La turbina auxiliar instalada sobre la cabina de mando giró sobre su eje al tiempo que los reactores de impulso se apagaban. Arrancó con un brillante resplandor, y comenzó a luchar contra la inercia gigantesca del convoy. Los raíles llenaron el aire envenenado de brillantes chispas y poco a poco la imponente mole comenzó a retroceder. El impulso alejó rápidamente al convoy de la nube de polvo grisáceo que se extendía por el paisaje desde el lugar de la explosión, y que se movía como si tuviera vida propia en el aire helado. Habían dinamitado la vía. Algunos aún podían hacer cosas así, y a menudo se encontraban depósitos de equipo militar bajo las ruinas.
-Alerta de combate -susurró el Capitán cuado la nube de polvo envolvió al tren. El silencio era tan imponente que un grito hubiera parecido una blasfemia. Una cascada de ruidos metálicos recorrió el tren de proa a popa cuando en los techos metalizados se elevaron los ejes hidráulicos de las cúpulas de tiro. El metal se deslizó sobre ocultos pivotes y los artilleros esperaron. Ya habían pasado por aquello otras veces. Sabían que no sería una espera larga. Los cañones de las ametralladoras calibre 50 salieron de sus fundas aceitadas, ansiosos por tararear su canción.
Hombres nerviosos pulsaron los mandos adecuados y comprobaron que las torres giraban y las armas subían y bajaban en sus soportes. Esperaron órdenes. Alguien habló en la cabina como si temiera despertarles.
-Ahí vienen.
Una horda de figuras oscuras se despegó de la tierra quemada y se movió en el interior de la lenta nube que los envolvía. El aire estaba saturado de polvo y escarcha, pero los detectores de infrarrojos no mentían, no podían ser engañados por la nube. Se oyeron débiles impactos en el blindaje.
De algún lugar entre la niebla surgió un estampido seco y profundo, y el Capitán sintió que el pelo se le erizaba en la nuca al reconocer el retumbar de un viejo cañón antitanque. Algo pesado y poderoso esta vez golpeó al tren muy cerca de la cabina, y no necesitó nada más para pulsar el micrófono de mando.
-¡Fuego…! –gritó, y esta vez no le preocupó que el miedo asomara en su voz -¡Fuego a discreción!.

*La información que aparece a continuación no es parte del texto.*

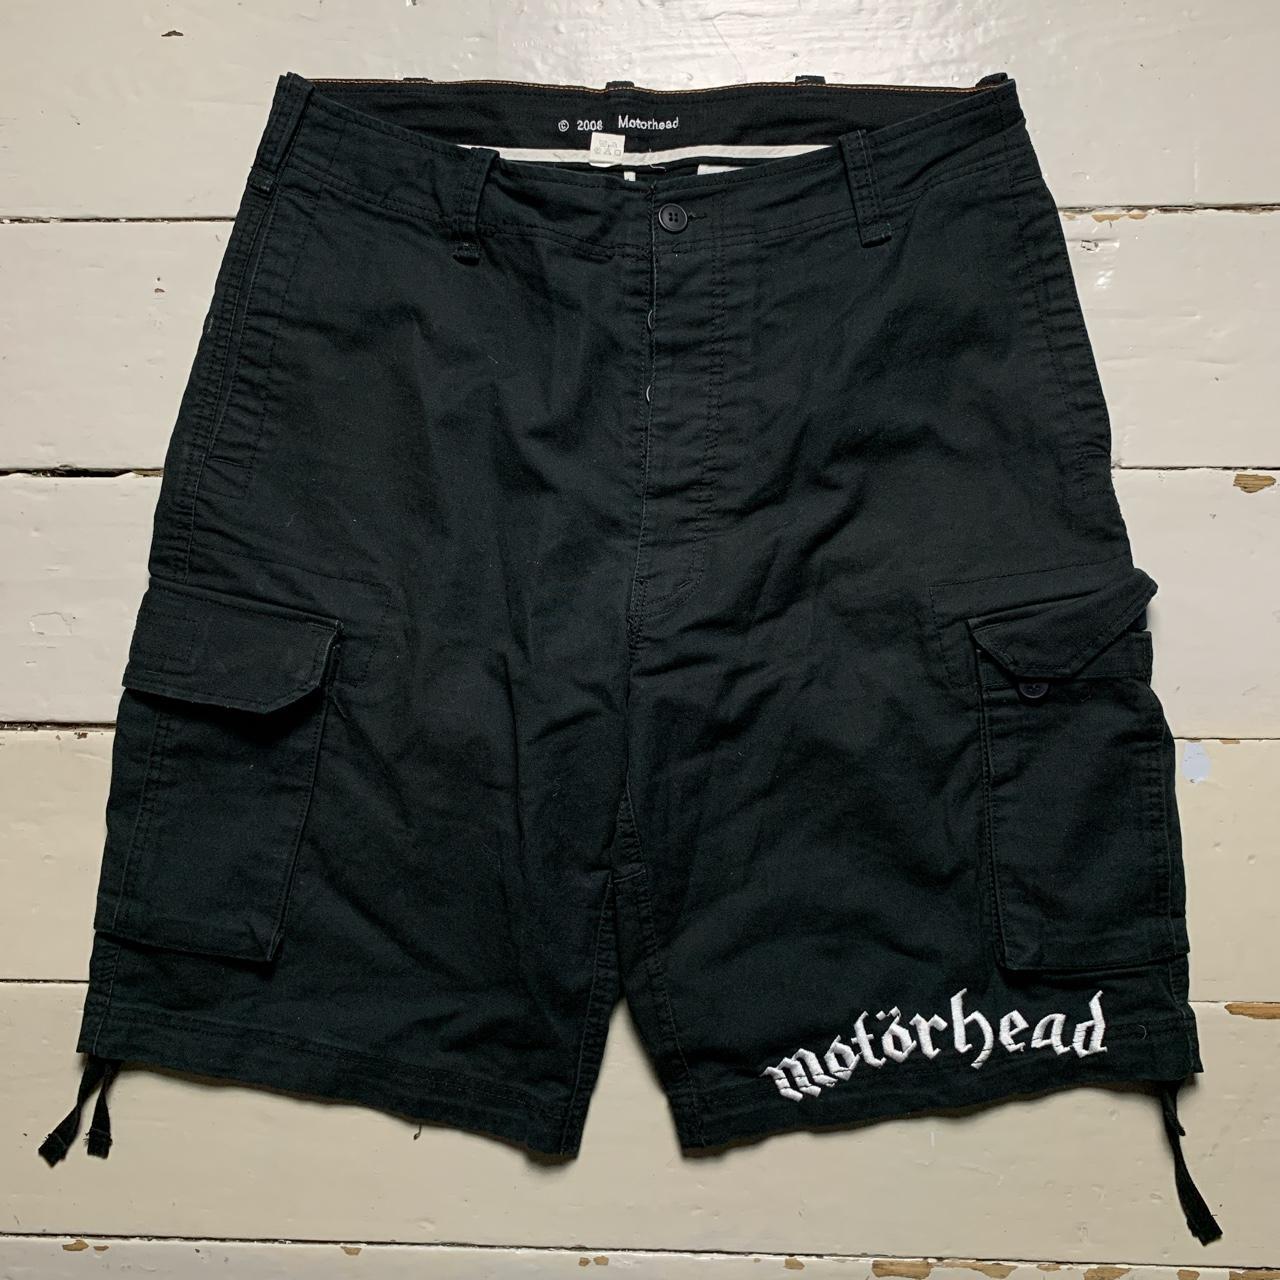 Motörhead 2008 Cargo Shorts Black and White Embroidery

Los cañones de tiro rápido llenaron la atmósfera de pequeños truenos. Barrieron las ruinas en torno a ellos, agujerearon cuerpos en movimiento y convirtieron en humo y polvo lo que antaño habían sido calles y portales.
Pero el sonido profundo y seco volvió a retumbar. Tenían un cañón, algo que no había ocurrido nunca antes. Y eso era malo.
Una torreta defensiva se convirtió en una pequeña bola de fuego. Pedazos de metal al rojo y esquirlas de huesos volaron con ella. Ahora ya sabían ya porqué los dos trenes anteriores no habían regresado. Una sirena lastimera comenzó a aullar muy cerca de la cabina, en el interior de un vagón, indicando que el aire contaminado había entrado en el tren.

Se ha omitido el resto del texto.